Problems

Solution:

1. Case \(k \neq 0\): \begin{align*} && \int_0^1 (x+1)^{k-1} \d x &= \left [\frac{1}{k}(x+1)^k \right]_0^1 \\ &&&= \frac{2^k-1}{k} \\ \end{align*} Case \(k = 0\): \begin{align*} && \int_0^1 (x+1)^{k-1} \d x &= \int_0^1 (x+1)^{-1} \d x \\ &&&= \left [\ln(x+1) \right]_0^1 \\ &&&= \ln 2 \end{align*} Therefore for \(k \approx 0\), we must have both integrals being close to each other, since the function is nice on this interval, ie \(\frac{2^k-1}{k} \approx \ln 2\)
2. Case \(m = 0\). \(I = \frac12\) Case \(m \neq 0, -1, -2\) \begin{align*} u = x+1, \d u = \d x && \int_0^1 x(x+1)^m \d x &= \int_{u=1}^{u=2} (u-1)u^m \d u \\ &&&=\left[ \frac{u^{m+2}}{m+2} - \frac{u^{m+1}}{m+1} \right]_1^2 \\ &&&= 2^{m+1}\left ( \frac{2}{m+2} - \frac1{m+1} \right) - \frac{1}{m+2} + \frac{1}{m+1} \\ &&&= 2^{m+1} \frac{m}{(m+1)(m+2)} + \frac{1}{(m+1)(m+2)} \\ &&&= \frac{m2^{m+1}+1}{(m+1)(m+2)} \\ \end{align*} Case \(m = -1\). \begin{align*} && \int_0^1 \frac{x}{x+1} \d x &= \int_0^1 1 - \frac{1}{x+1} \d x \\ &&&= 1 - \ln2 \\ \end{align*} Case \(m = -2\): \begin{align*} && \int_0^1 \frac{x}{(x+1)^2} \d x &= \int_0^1\frac{x+1-1}{(x+1)^2} \d x \\ &&&= \left [ \ln (x+1) +(1+x)^{-1} \right]_0^1 \\ &&&= \ln 2 + \frac12 - 1 \\ &&&= \ln 2 - \frac12 \end{align*}

Solution:

1. \begin{align*} && g(x) &= \frac{2x^3+3}{x^4+4} \\ \Rightarrow && g'(x) &= \frac{6x^2(x^4+4) - (2x^3+3)(4x^3)}{(x^4+4)^2} \\ &&&= \frac{-2x^6-12x^3+24x^2}{(x^4+4)} \\ &&&= \frac{-2x^2(x^4+6x-12)}{(x^4+4)} \end{align*} So \(g'(x)\) is not \(0\) for \(x = \pm 1\). We can also note that \(g(-1) = \frac1{5} \neq 1\) Even if the other turning point was \(1\), we would also need to check the behaviour as \(x \to \pm \infty\).
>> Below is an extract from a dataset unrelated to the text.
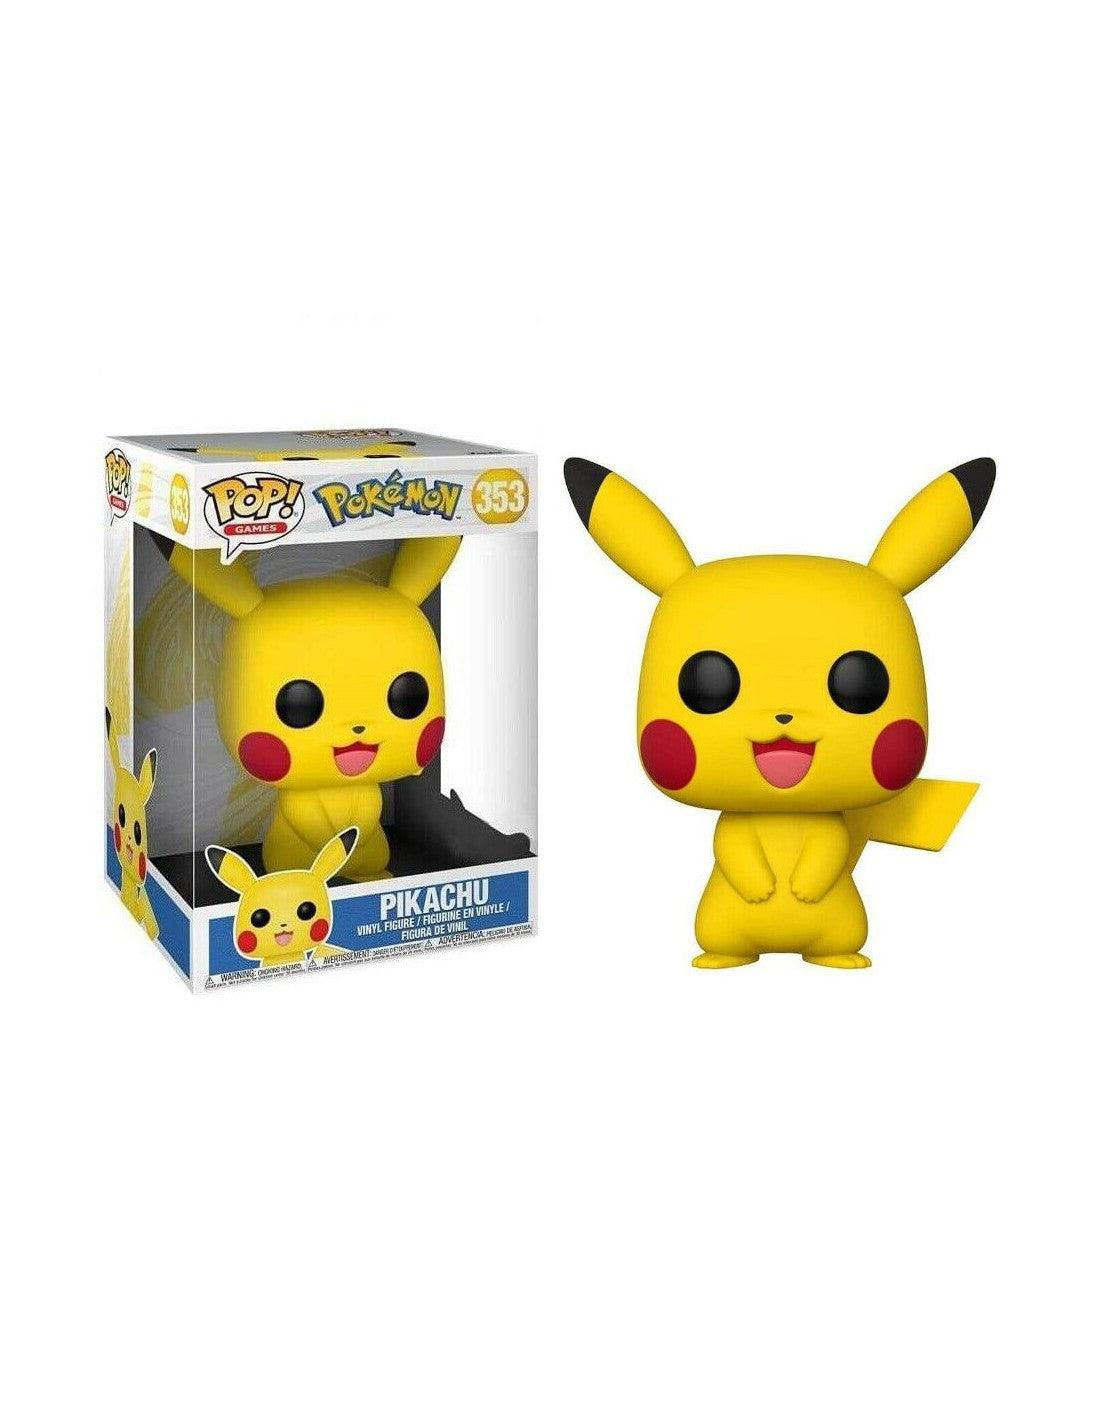 Pokèmon: Funko Pop! Games - Pikachu #353 - Magic Dreams Store

We can also note that \(g(-1) = \frac{1}{5} < \frac34\) so the conclusion is also not true.
2. There are several errors. \[ \int (1-x)^{-3} \d x = \underbrace{\frac{1}{4}}_{\text{correct constant}}(1-x)^{-4} + \underbrace{C}_{\text{constant of integration}} \] We cannot integrate through the asymptote at \(1\). There is a sense in which we could argue \(\displaystyle \int_{-1}^3 (1-x)^{-3} \d x = 0\), specifically using Cauchy principal value \begin{align*} \mathrm {p.v.} \int_{-1}^3 (1-x)^{-3} &=\lim_{\epsilon \to 0} \left [ \int_{-1}^{1-\epsilon} (1-x)^{-3} \d x+ \int_{1+\epsilon}^{3} (1-x)^{-3} \d x\right] \\ &=\lim_{\epsilon \to 0} \left [ \left[ \frac14 (1-x)^{-4}\right]_{-1}^{1-\epsilon}+ \left[ \frac14 (1-x)^{-4}\right]_{1+\epsilon}^3\right] \\ &=\lim_{\epsilon \to 0} \left [ \frac14 \epsilon^{-4}-\frac14 \frac1{2^4} + \frac14 \frac1{2^4} - \frac14 \epsilon^{-4} \right] \\ &= \lim_{\epsilon \to 0} 0 \\ &= 0 \end{align*} However, in many normal ways of treating this integral it would be undefined.